D&D historian Ben Riggs--author of Slaying the Dragon--delved into the facts. Note that the below was posted on Twitter, in that format, not as an article.

D&D Co-Creator Gary Gygax was Sexist. Talking About it is Key to Preserving his Legacy.

The internet has been rending its clothes and gnashing its teeth over the introduction to an instant classic of TTRPG history, The Making of Original D&D 1970-1977. Published by Wizards of the Coast, it details the earliest days of D&D’s creation using amazing primary source materials.

Why then has the response been outrage from various corners of the internet? Well authors Jon Peterson and Jason Tondro mention that early D&D made light of slavery, disparaged women, and gave Hindu deities hit points. They also repeated Wizard’s disclaimer for legacy content which states:"These depictions were wrong then and are wrong today. This content is presented as it was originally created, because to do otherwise would be the same as claiming these prejudices never existed."

In response to this, an army of grognards swarmed social media to bite their shields and bellow. Early D&D author Rob Kuntz described Peterson and Tondro’s work as “slanderous.” On his Castle Oldskull blog, Kent David Kelly called it “disparagement.” These critics are accusing Peterson and Tondro of dishonesty. Lying, not to put too fine a point on it.So, are they lying? Are they making stuff up about Gary Gygax and early D&D?

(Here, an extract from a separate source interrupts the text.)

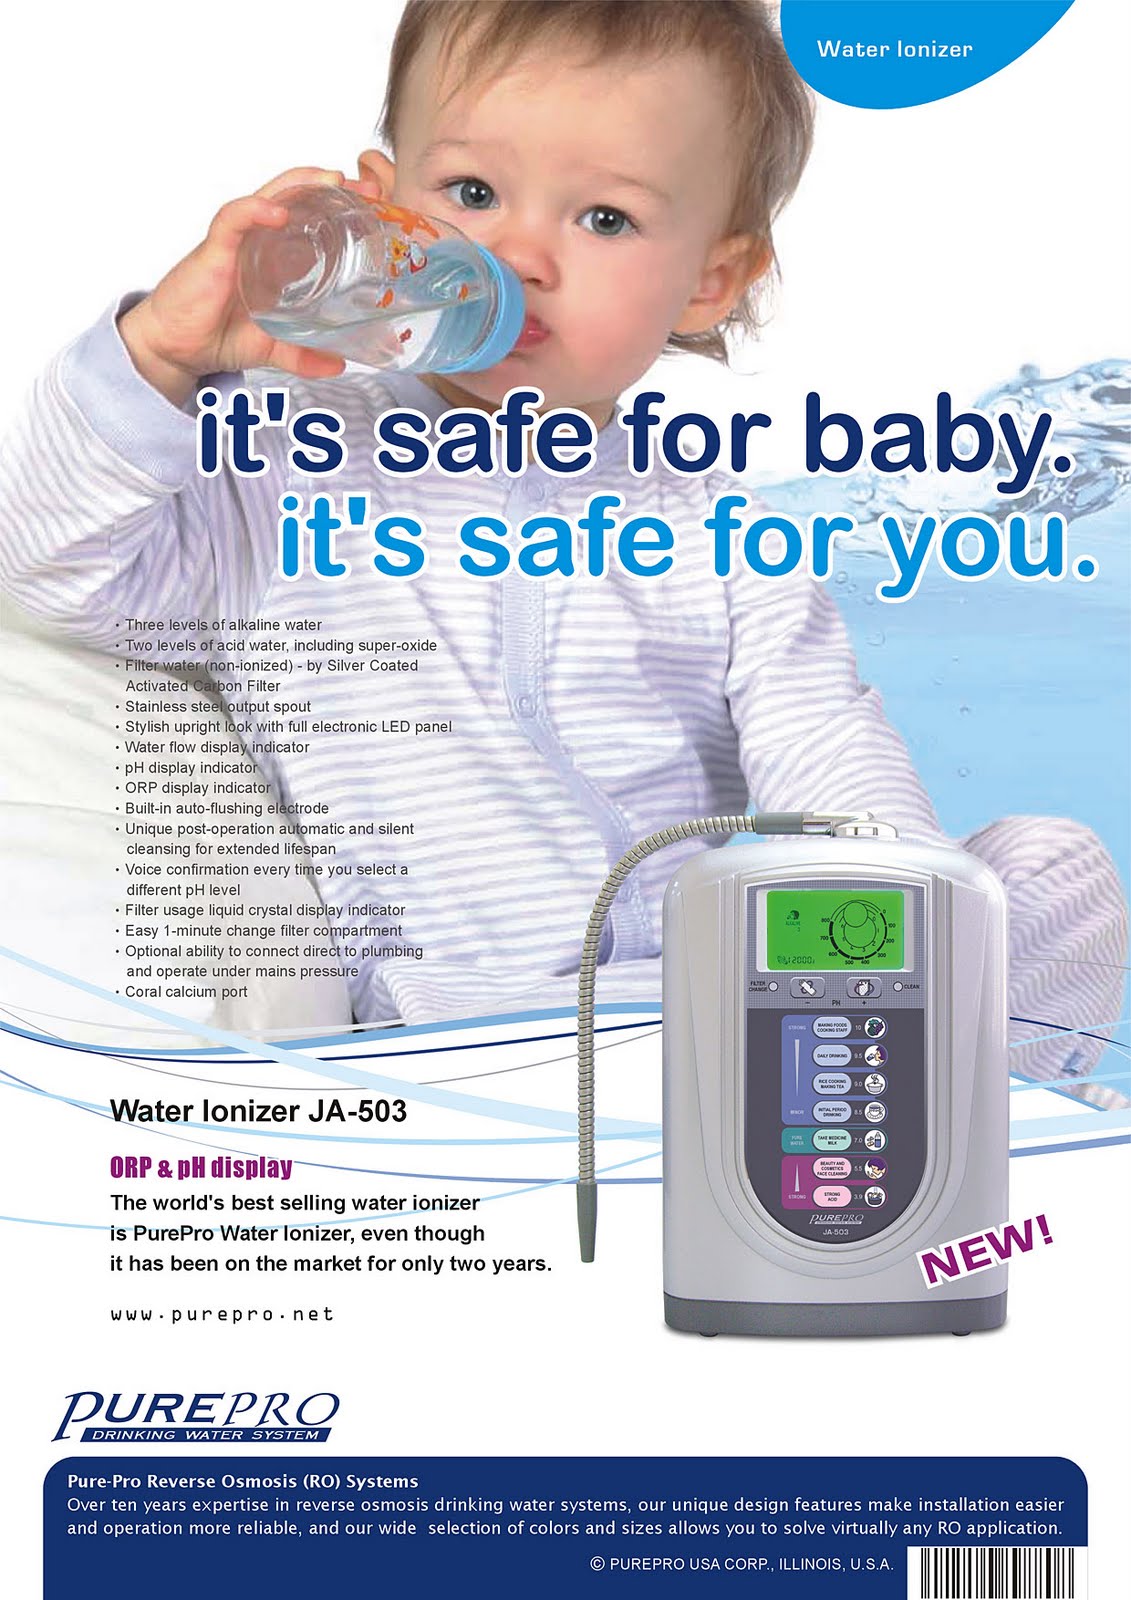 PurePro USA Water Ionizer JA-503

Well, let's look at a specific example of what Peterson and Tondro describe as “misogyny “ from 1975's Greyhawk. Greyhawk was the first supplement ever produced for D&D. Written by Gary Gygax and Rob Kuntz, the same Rob Kuntz who claimed slander above, it was a crucial text in the history of the game. For example, it debuted the thief character class. It also gave the game new dragons, among them the King of Lawful Dragons and the Queen of Chaotic Dragons. The male dragon is good, and female dragon is evil. (See Appendix 1 below for more.)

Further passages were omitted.